I think i need some advice with a tricky situation im facing... my boyfriend for 8 years is under a lot of stress and pressure. He has been diagnosed with depression and had previously received treatment for it which worked well for him. However at the moment he seems to be in a very bad place owing to a variety of factors. The main one being debt, it is honestly overtaking his life and mine. I'm not clear on his debt situation but i know its bad. There are weeks where he will completely stop talking to me, which is usually caused by money issues. We don't live together so him not talking is like a complete blank out, where i dont see him, dont hear back from him. On top of the debt, he is also working mad hours. He works in hospitality and i think also struggling with the long unsocial hours, his time at work also appears to be a blocker to receiving treatment as i know he needs to give time for that too. Potentially facing burnout from work.

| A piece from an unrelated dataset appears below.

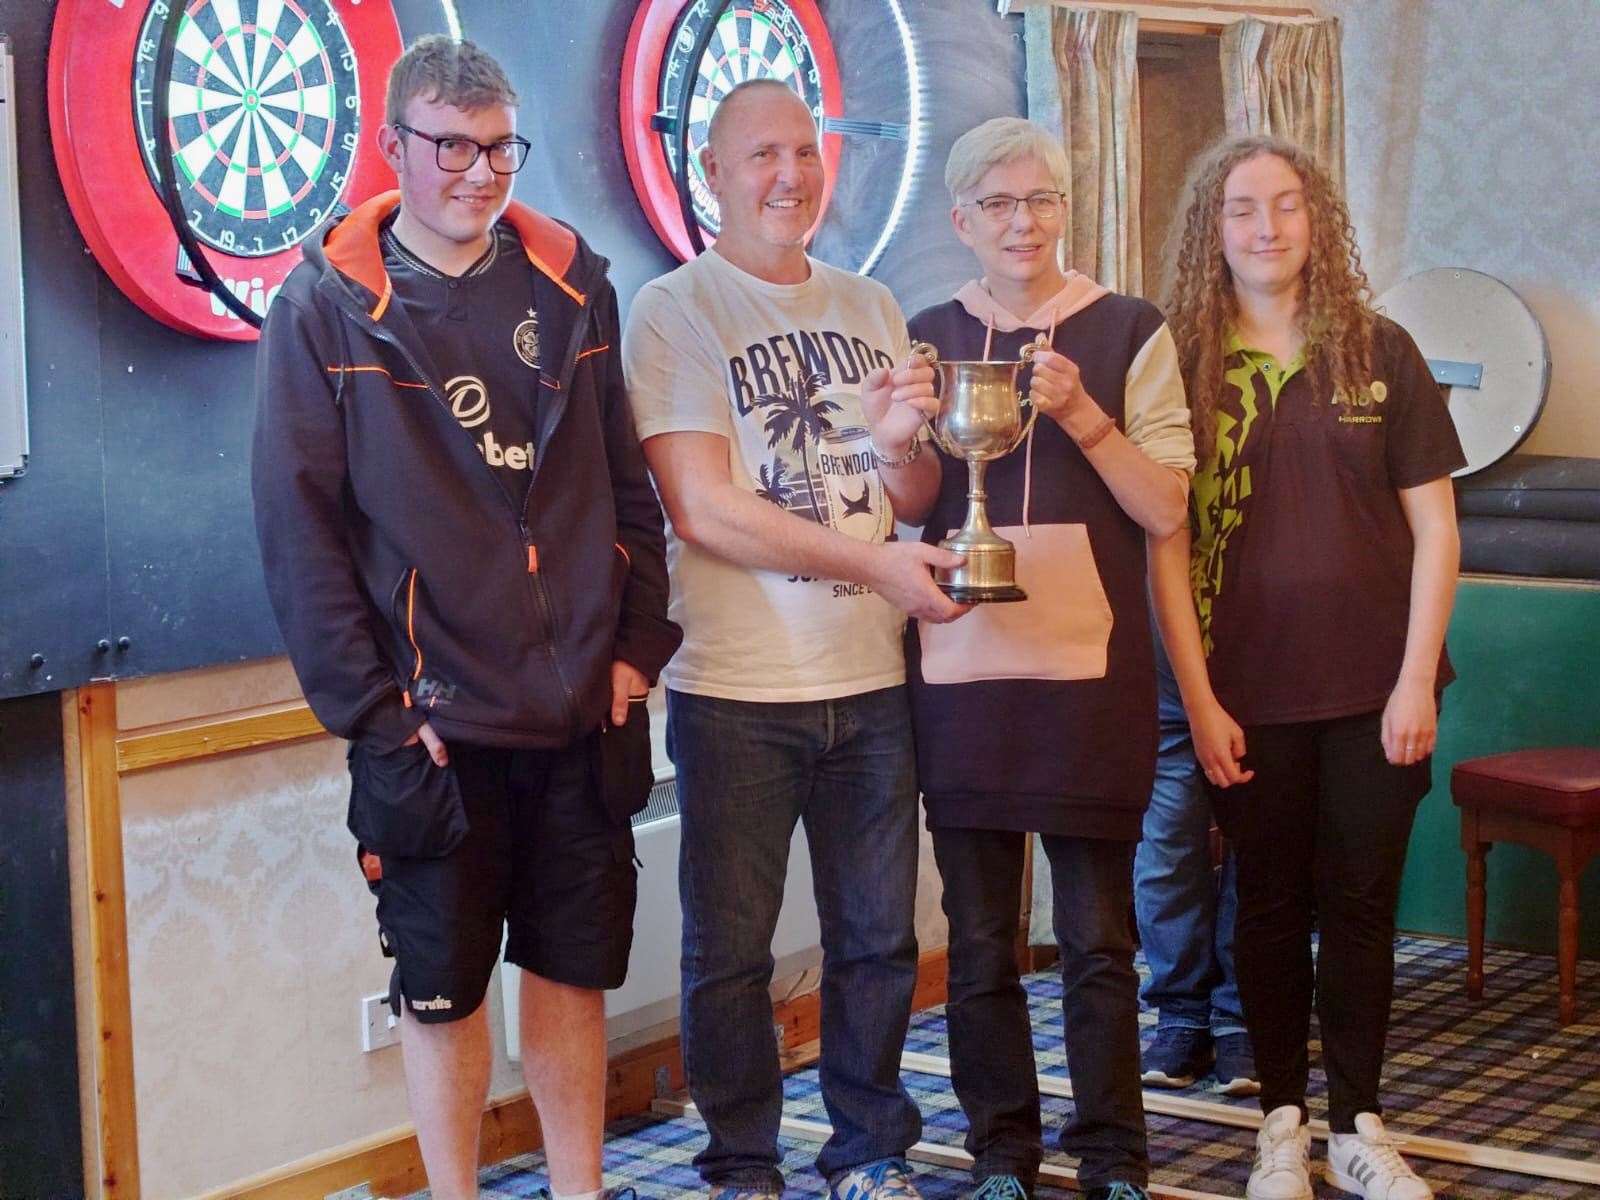 From left: Willie Keith Memorial Cup runner-up Ryan Campbell (Smiddy '2') and winner Willie Plank (Castletown Poachers), Karen Burke Memorial Trophy winner Freda Perry (Seaforth Ladies 'B') and the runner-up, Ryan's sister Sammy Campbell (Seaforth).
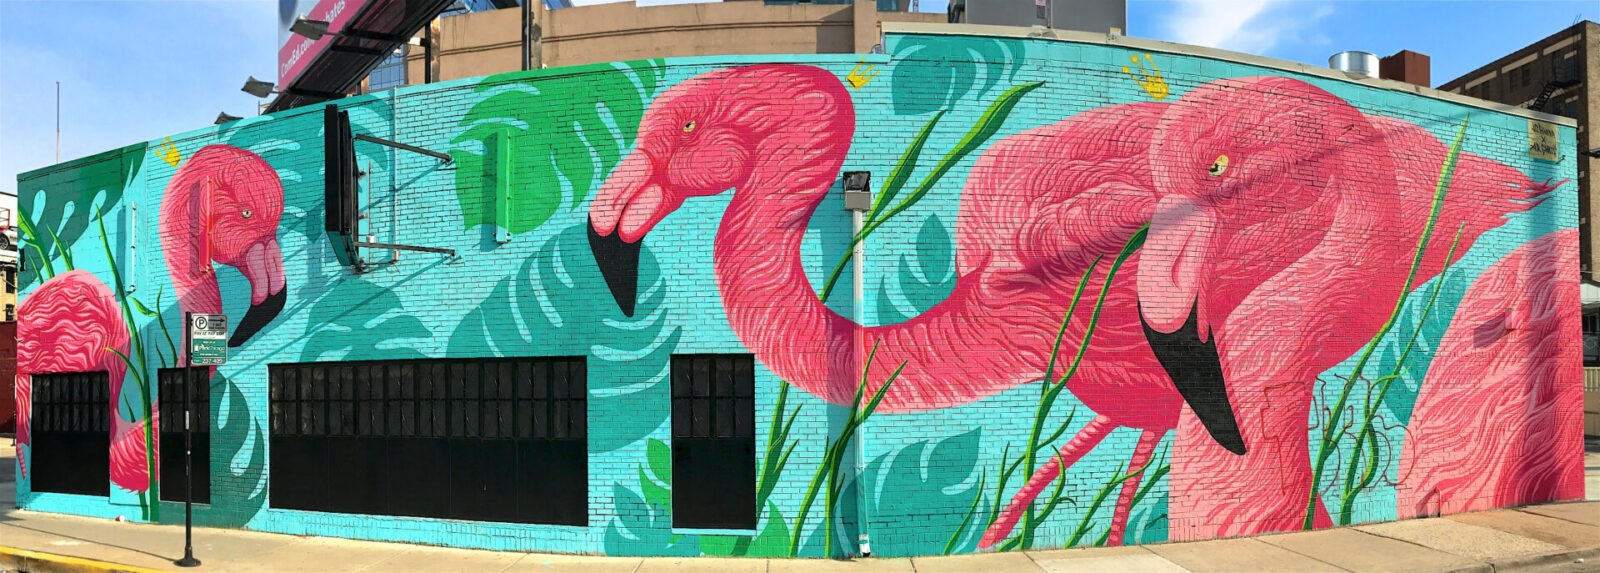 Pink Flamingo Mural in Chicago Illinois

His debt at the moment is unaffordable. I have no ideas how he is handling it. He has told me his head is so messy and doesnt know what to do, but everytime I offer help he doesnt engage with it or me, so it really is impossible to get through to him. Earlier this year he had plans to propose to me but there was a money incident so he aborted plans last minute im guessing not out of choice, but it was quite bad as he had contacted my family to let them know of the proposal but obviously it didnt go ahead. He avoided the situation with me then nor my family and has unfortunately just created a very bad impression of himself and again went in a blank out for about 2/3 months. I am completely lost in what I can do right now. I havent told my family about his personal problems as he likes his privacy so they just see someone who is blanking me and are not getting a great impression of him so i feel like i have no support from my family towards our relationship which is hard to swallow.

I really dont know what to do. I am actually less concerned about our relationship right now and more concerned about his debt management, working hours and mental health, what can i do if he doesnt even talk to me? Im scared he will be making himself worse and worse on all fronts. any advice on any of the above would be much appreciated, is there a way i can help him get ontop of his debt ?

Thank you so much for taking the time to read. Im really lost.